最近、日本企業においてハラル認証への関心が大いに高まってきています。ハラル(halal)は、イスラム法において許されたものを意味します。たとえば、ある食品中に、イスラム教が摂取を禁じている豚由来の成分やアルコールなどが含有されていないとき、ハラルとして飲食が許されます。一方、ハラム(haram)は、禁じられたとの意味で、豚肉など摂取が許されないものを指します。そして、ハラル性は、食品のみならず化粧品、医薬品、衣料品など様々な分野におよびます。ハラル認証とは、イスラム教や政府関連団体が、成分や製法などを精査し製品がハラルであることを認証することです。ここで、ある製品がハラルであることと、ハラル認証されることは別の問題です。認証されていないハラル製品は数多くあります。

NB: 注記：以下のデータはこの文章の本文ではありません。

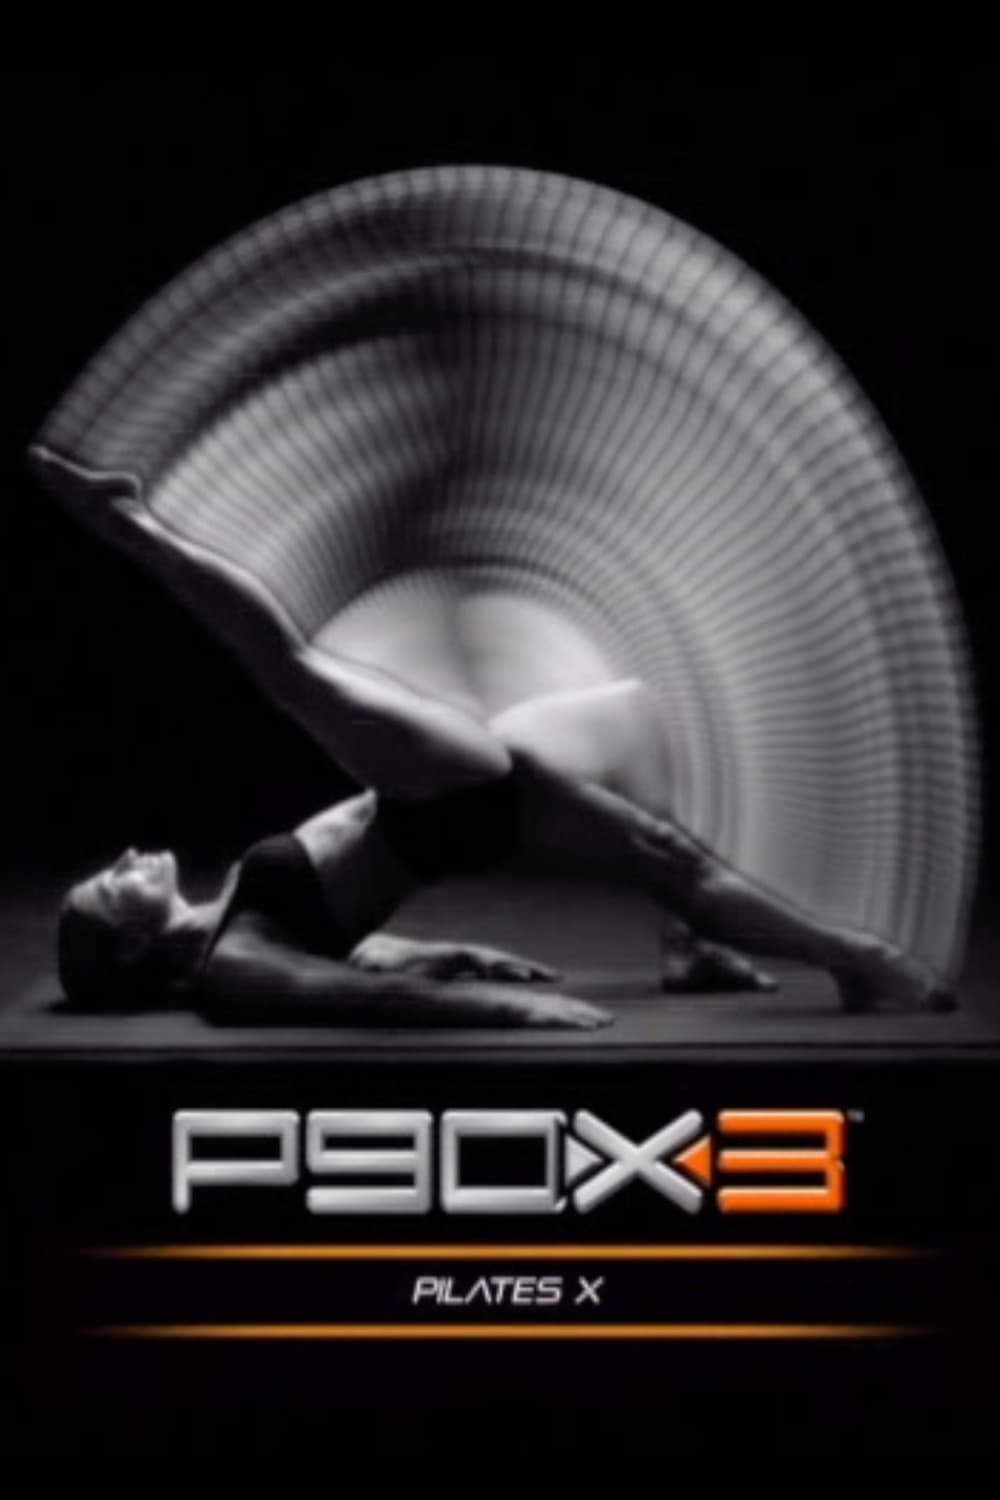 P90X3 - Pilates X

新興国の経済発展によるムスリム消費者の購買力の増大と、先進国市場の成熟化を背景に、先進国企業が新たなビジネス・チャンスを求めて、ハラル認証へ関心を寄せています。ただ、ハラル認証はビジネス(売上、顧客の獲得・維持など)にプラスとの暗黙の前提の下、顧客視点から十分に議論されてきたとは言い難いようです。そこで、ハラル認証に対する顧客の心理的メカニズムを検討してみましょう。
消費者推論の枠組み
ハラル認証には相当の費用が発生します。このため、イスラム教徒人口が大である国においても、地場企業の多くは(製品がハラルであっても)認証を受けていません。つまり、ムスリム消費者はハラル性が十分には明確ではない状況下で、購買や消費を行っています。このとき、彼らは推論により眼前の製品のハラル性を判断します。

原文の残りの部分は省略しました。